No, 7B LLMs only need about 4GB of RAM. There is *extremely little* quality loss...

Tankenstein · 2024-05-20T19:08:23 1716232103

The original commenter mentioned 70B, not 7B.

coder543 · 2024-05-20T19:11:44 1716232304

I had already read the comment I was responding to, and they actually mentioned both.

Here's the exact quote for the 7B:

"Even running a 7B will take 14GB if it's fp16."

Since they called out a specific amount of memory that is entirely irrelevant to anyone actually running 7B models, I was responding to that.

I'm certain that no one at Microsoft is talking about running 70B models on consumer devices. 7B models are actually a practical consideration for the hardware that exists today.

SushiHippie · 2024-05-21T17:21:33 1716312093

They said: "Even running a 7B will take 14GB if it's fp16."

Which is correct, fp16 takes two bytes per weight, so it will be 7 billion * 2 bytes which is exactly 14GB.

They are probably aware that you could run it with 4 bit quantization (which would use 1/4 of the RAM) but explicitly mentioned fp16.

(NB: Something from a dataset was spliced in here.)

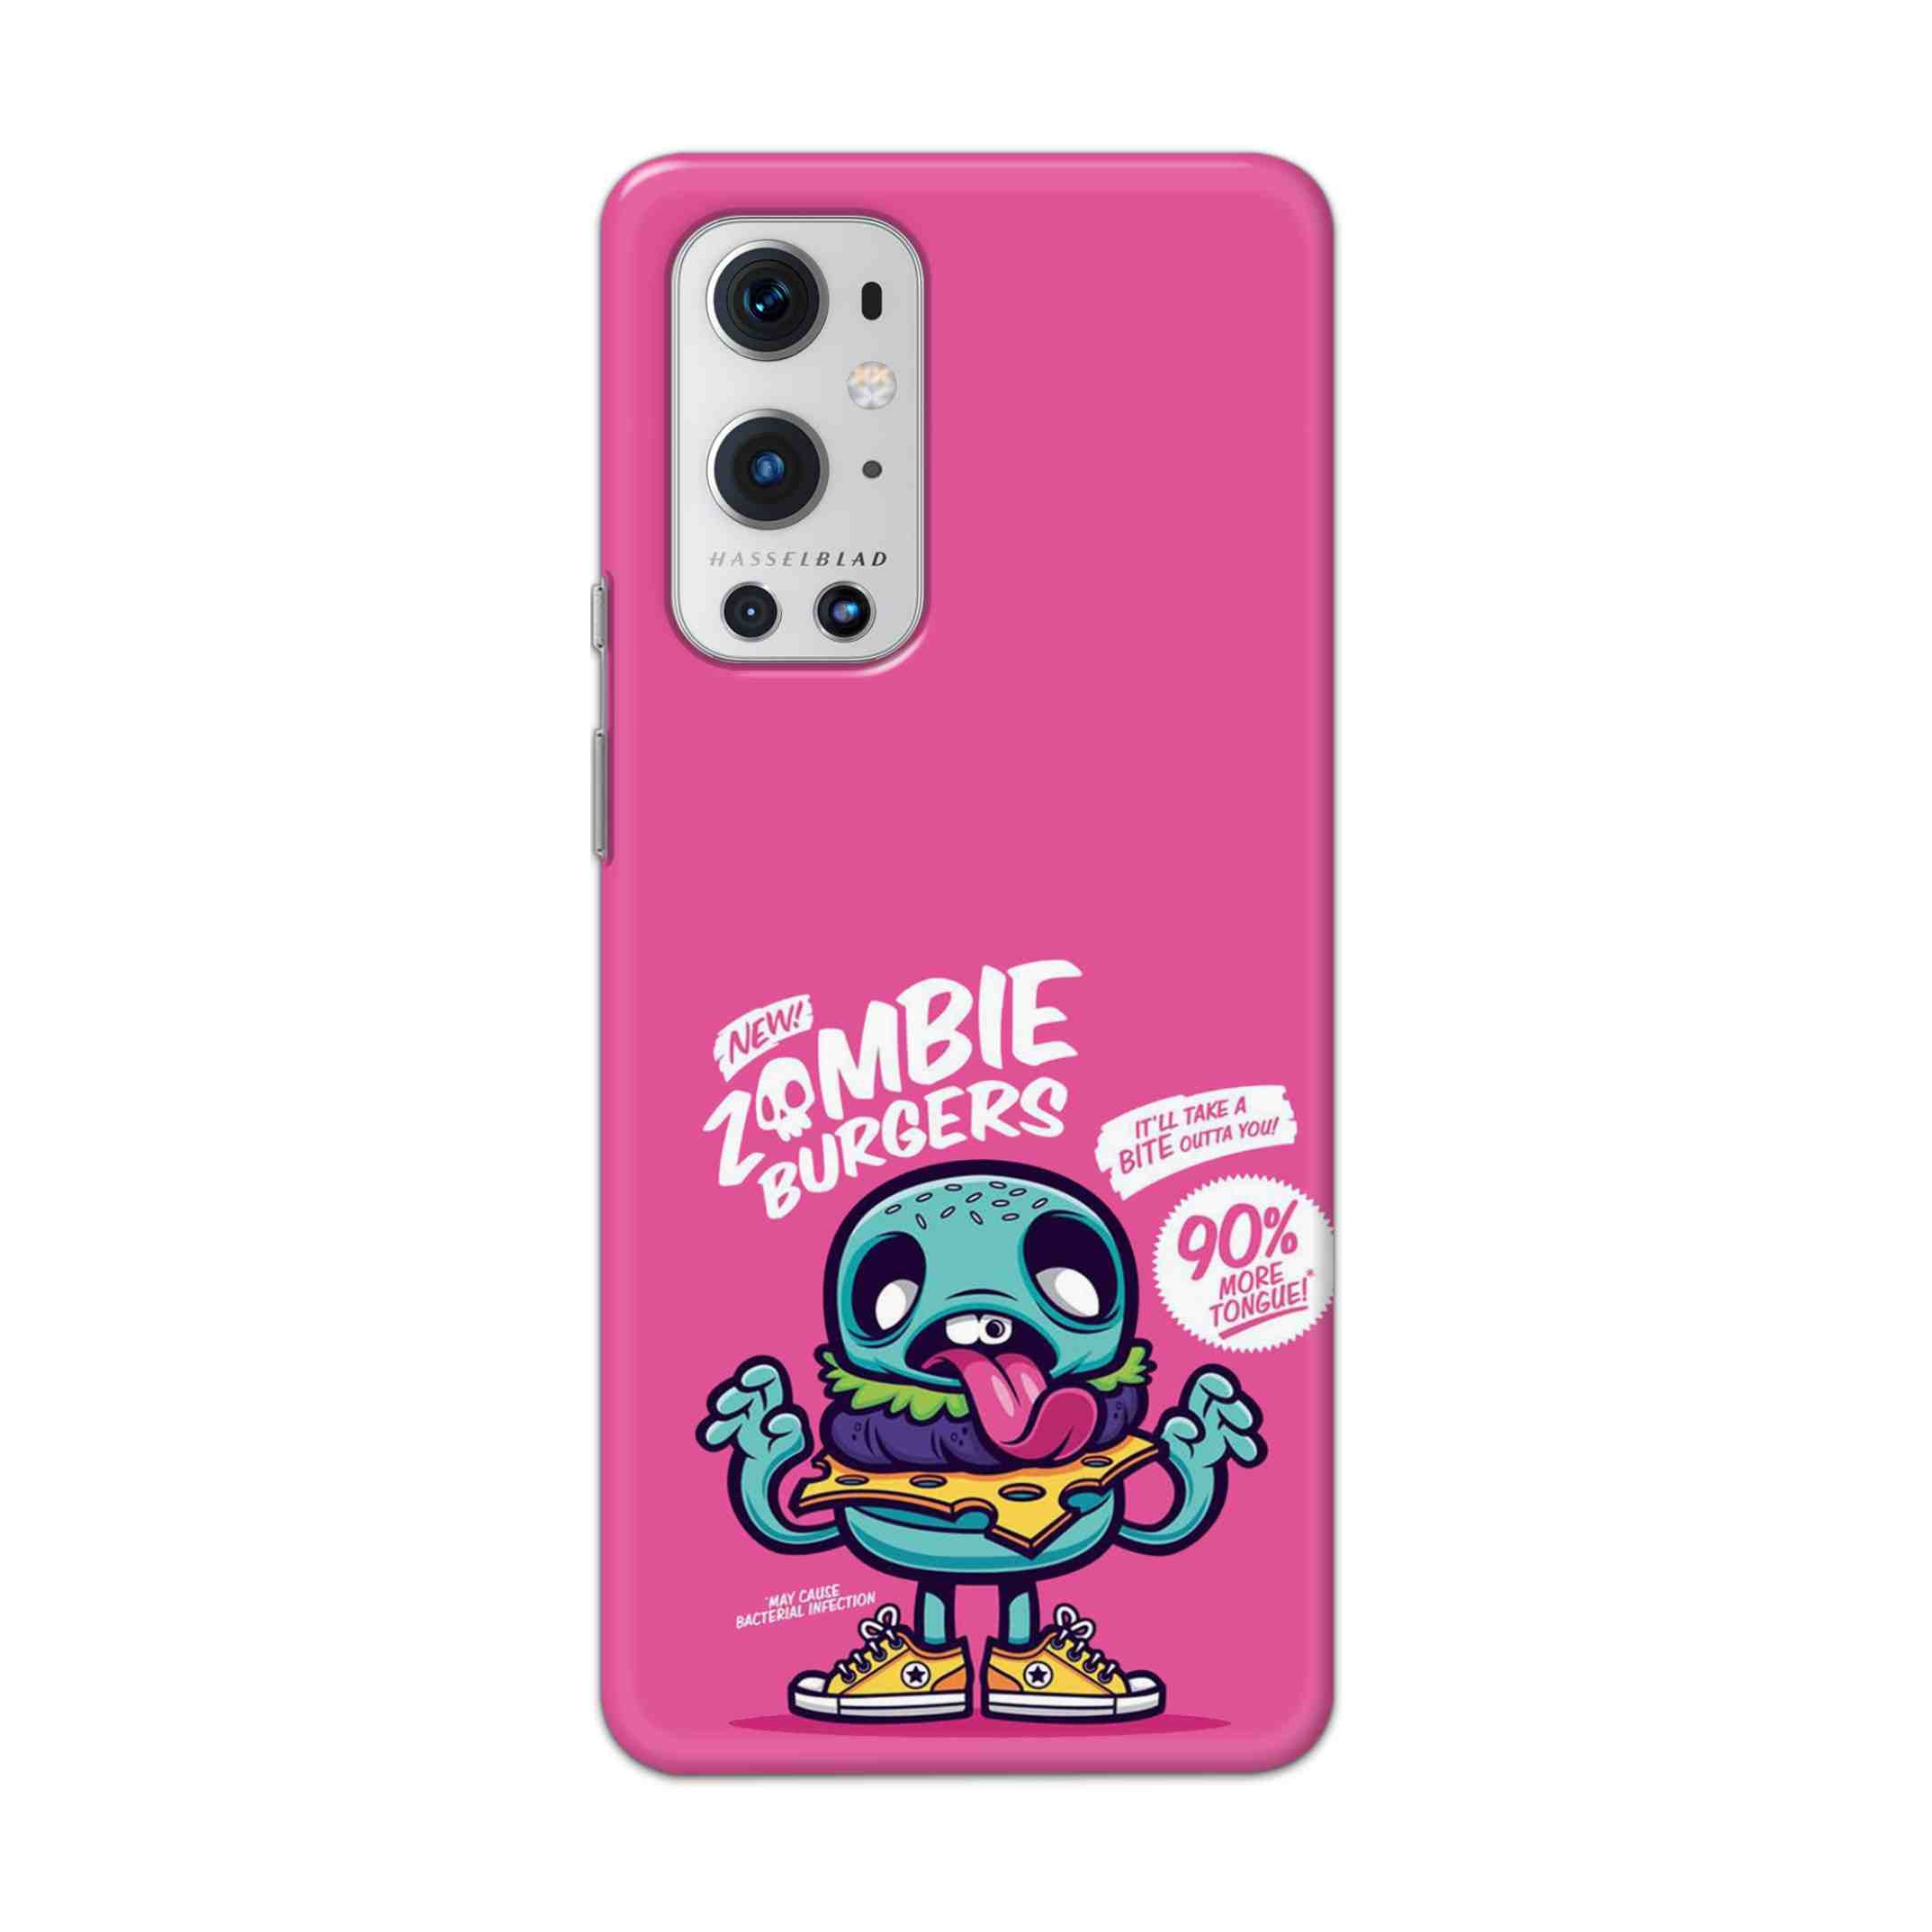 Buy New Zombie Burgers Hard Back Mobile Phone Case Cover For OnePlus 9 Pro Online

coder543 · 2024-05-21T17:23:25 1716312205

> > Since they called out a specific amount of memory that is entirely irrelevant to anyone actually running 7B models, I was responding to that.

> Which is correct, fp16 takes two bytes per weight, so it will be 7 billion * 2 bytes which is exactly 14GB.

As I said, it is "entirely irrelevant", which is the exact wording I used. Nowhere did I say that the calculation was wrong for fp16. Irrelevant numbers like that can be misleading to people unfamiliar with the subject matter.

No one is deploying LLMs to end users at fp16. It would be a huge waste and provide a bad experience. This discussion is about Copilot+, which is all about managed AI experiences that "just work" for the end user. Professional-grade stuff, and I believe Microsoft has good enough engineers to know better than to deploy fp16 LLMs to end users.

Tankenstein · 2024-05-24T10:16:43 1716545803

Makes sense, your argument is clear now, my mistake.